Terug

0 Koereiger

Koereiger

In ons land is de soort nog steeds zeldzaam, maar inmiddels wordt de koereiger het jaar door waargenomen. Er zwerft een groep van 40 a 50 vogels door Nederland. In 1998 werd het eerste broedgeval van koereiger in Nederland vastgesteld in de aalscholverkolonie van Wanneperveen. Er zijn geen jongen uitgevlogen. Daarna bleef het een tijdje stil.  Ook in 2006 (Braakman), 2009  en 2016 waren er niet succesvolle broedgevallen. In 2021 hingen maar liefst zes koereigers rond in De Auken nabij Giethoorn. Een drietal werden al baltsend gezien. Het heeft uiteindelijk ook tot minstens een succesvol broedgeval geleid. Er zijn 2 vliegende juvenielen waargenomen. In 2022 zijn wederom 3 nesten gevonden in de gemengde aalscholver, lepelaar en reigerkolonie in de Wieden en er werden minimaal 8 jongen vliegvlug. In hetzelfde jaar waren er ook drie nesten in Zeeuws Vlaanderen, helaas zonder succes (jongen zijn overleden voordat ze vliegvlug waren). 

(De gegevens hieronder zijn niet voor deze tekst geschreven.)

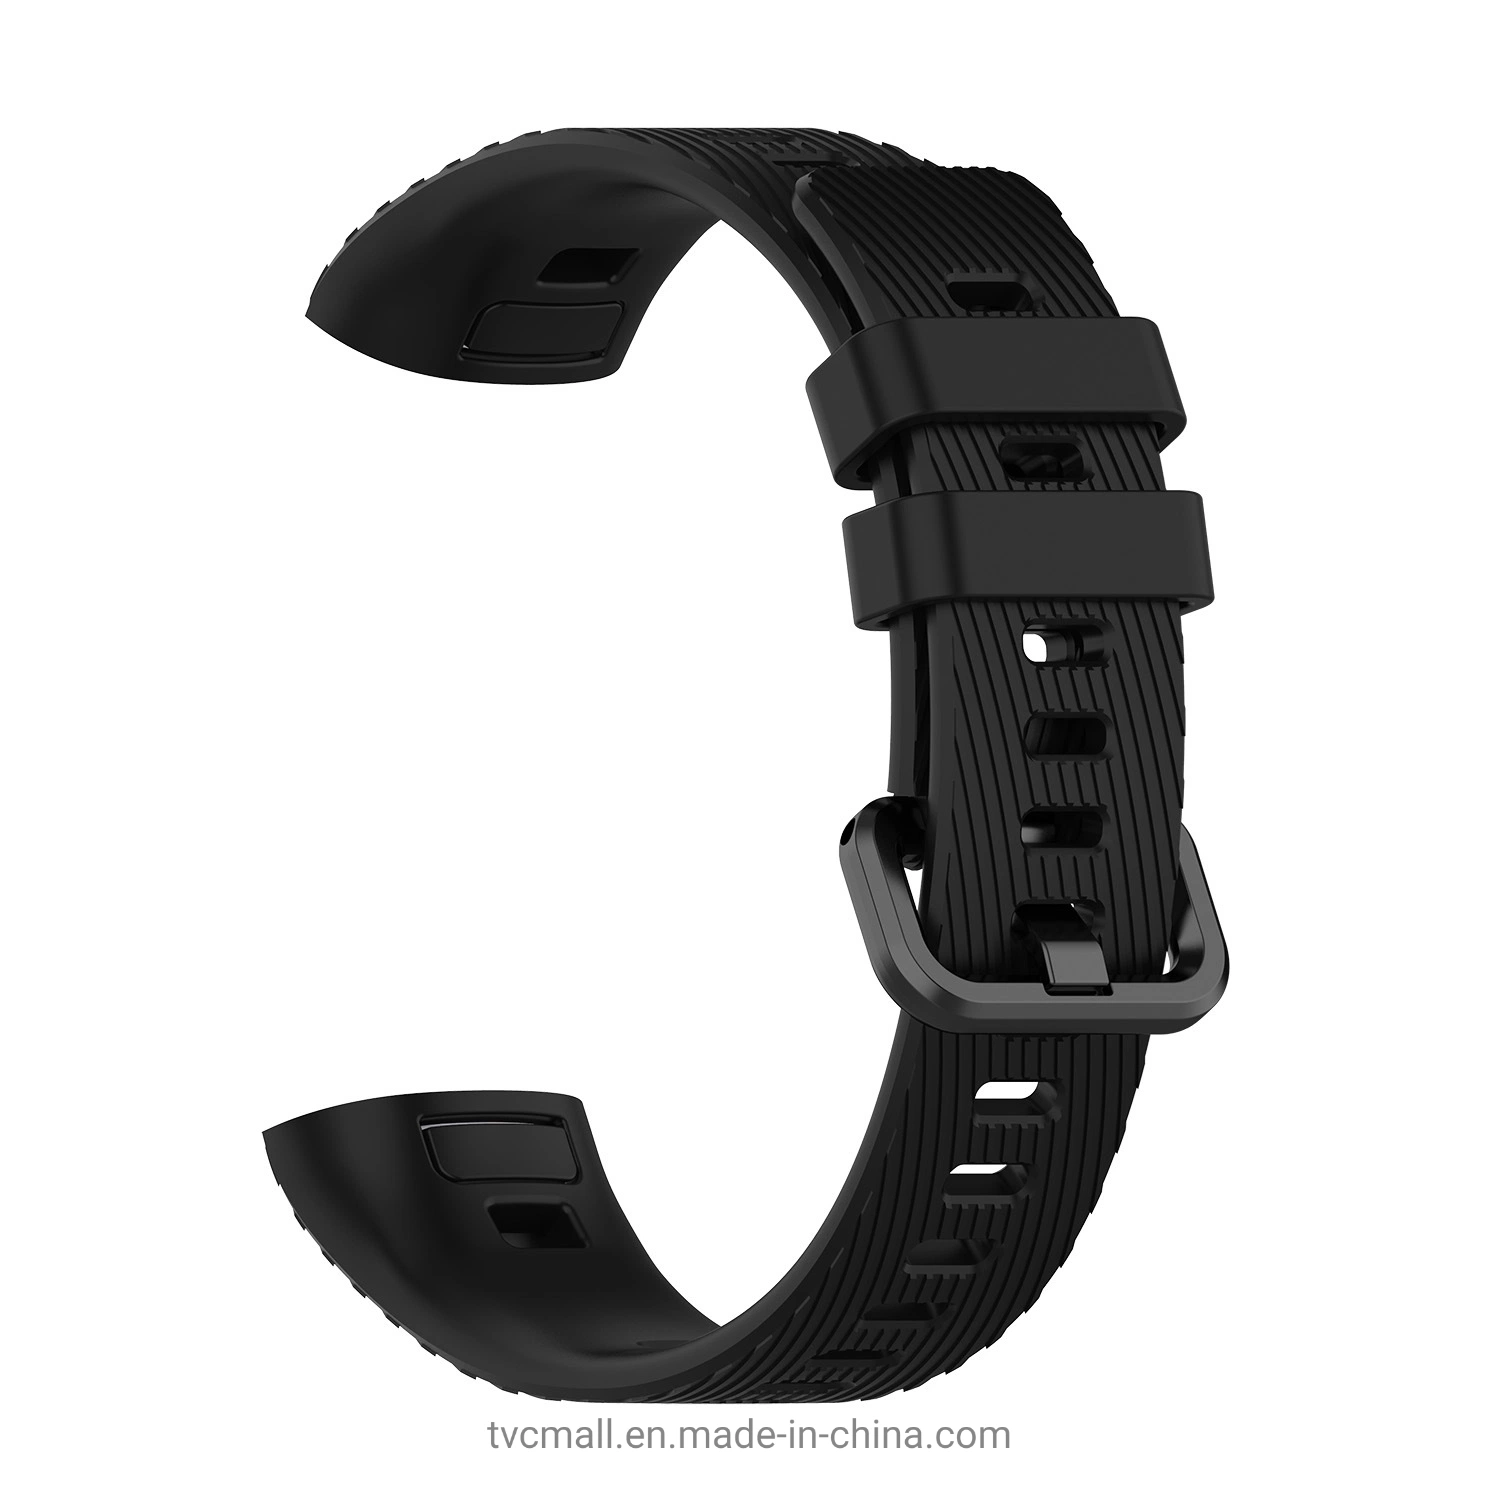 TPU Smart Bracelet Strap Replacement Band for Huawei Band 4 PRO - Black

Koereigers zijn minder dan andere reigers gebonden aan water, en aan te treffen in weilanden met koeien, paarden of schapen. Ook liften ze graag op de rug van een schaap of koe mee. Ze leven van de door het vee opgejaagde insecten, maar pikken deze ook van de lijven van het vee. Verder jagen ze op kleine amfibieën.

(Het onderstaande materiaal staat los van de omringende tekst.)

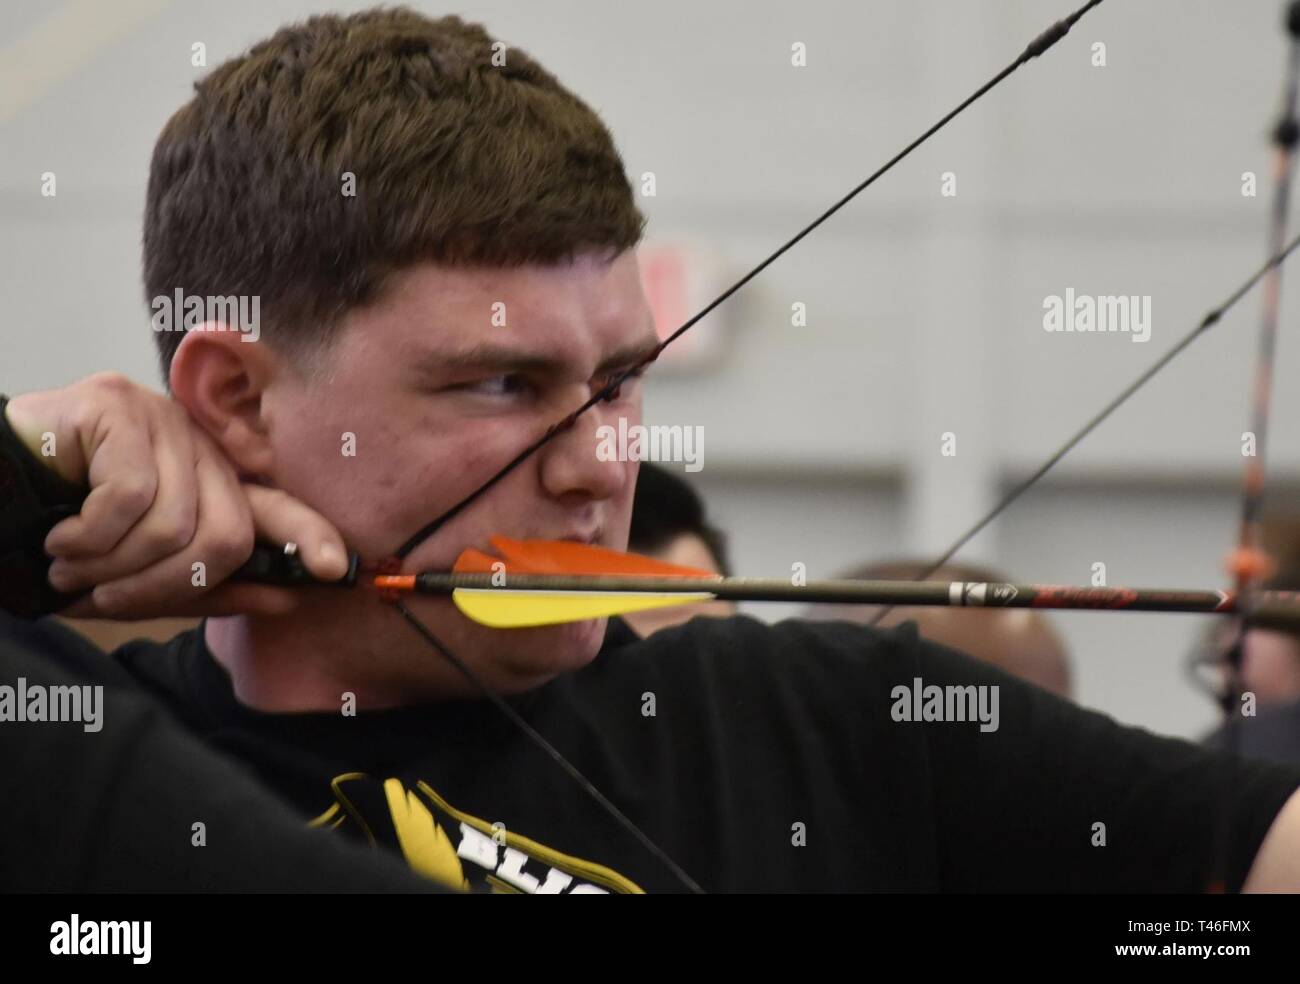 Staff Sgt. Kohl McLeod, a wounded warrior athlete from Fort Benning gets ready to shoot a bow at archery practice during the 2019 Army Trials, Mar. 8. The 2019 Army Trials at Fort Bliss, Texas is an adaptive sports competition from Mar. 5-16 with over 100 wounded, ill and injured active-duty Soldiers and veterans competing in 14 different sports for the opportunity to represent Team Army at the 2019 Department of Defense Warrior Games in Tampa, Florida. Stock Photo

Van oorsprong komt de soort uit Afrika en bewoonde daar draslanden, cultuurland en graslanden. De vogel heeft zich sinds het begin van de twintigste eeuw (waarschijnlijk op eigen kracht) verspreid over Zuidwest-Europa en is in de jaren 1930 ook de Atlantische Oceaan overgestoken en heeft zich binnen 40 jaar via Zuid-Amerika over dit continent in zowel zuidelijke als noordelijke richting, tot in Noord-Amerika uitgebreid.

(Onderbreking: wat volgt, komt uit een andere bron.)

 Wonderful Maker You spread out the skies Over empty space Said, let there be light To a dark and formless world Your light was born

De koereiger broedde in 1968 voor het eerst in Zuid-Frankrijk. De grootte van de populatie wordt geschat op 3,8 tot 7,6 miljoen exemplaren en gaat nog in aantal vooruit. Om deze redenen staat de koereiger als niet bedreigd op de rode lijst van de IUCN. In ons gebied en directe omgeving wordt de soort ook met enige regelmaat gezien door het jaar heen. Meestal in het winterhalfjaar.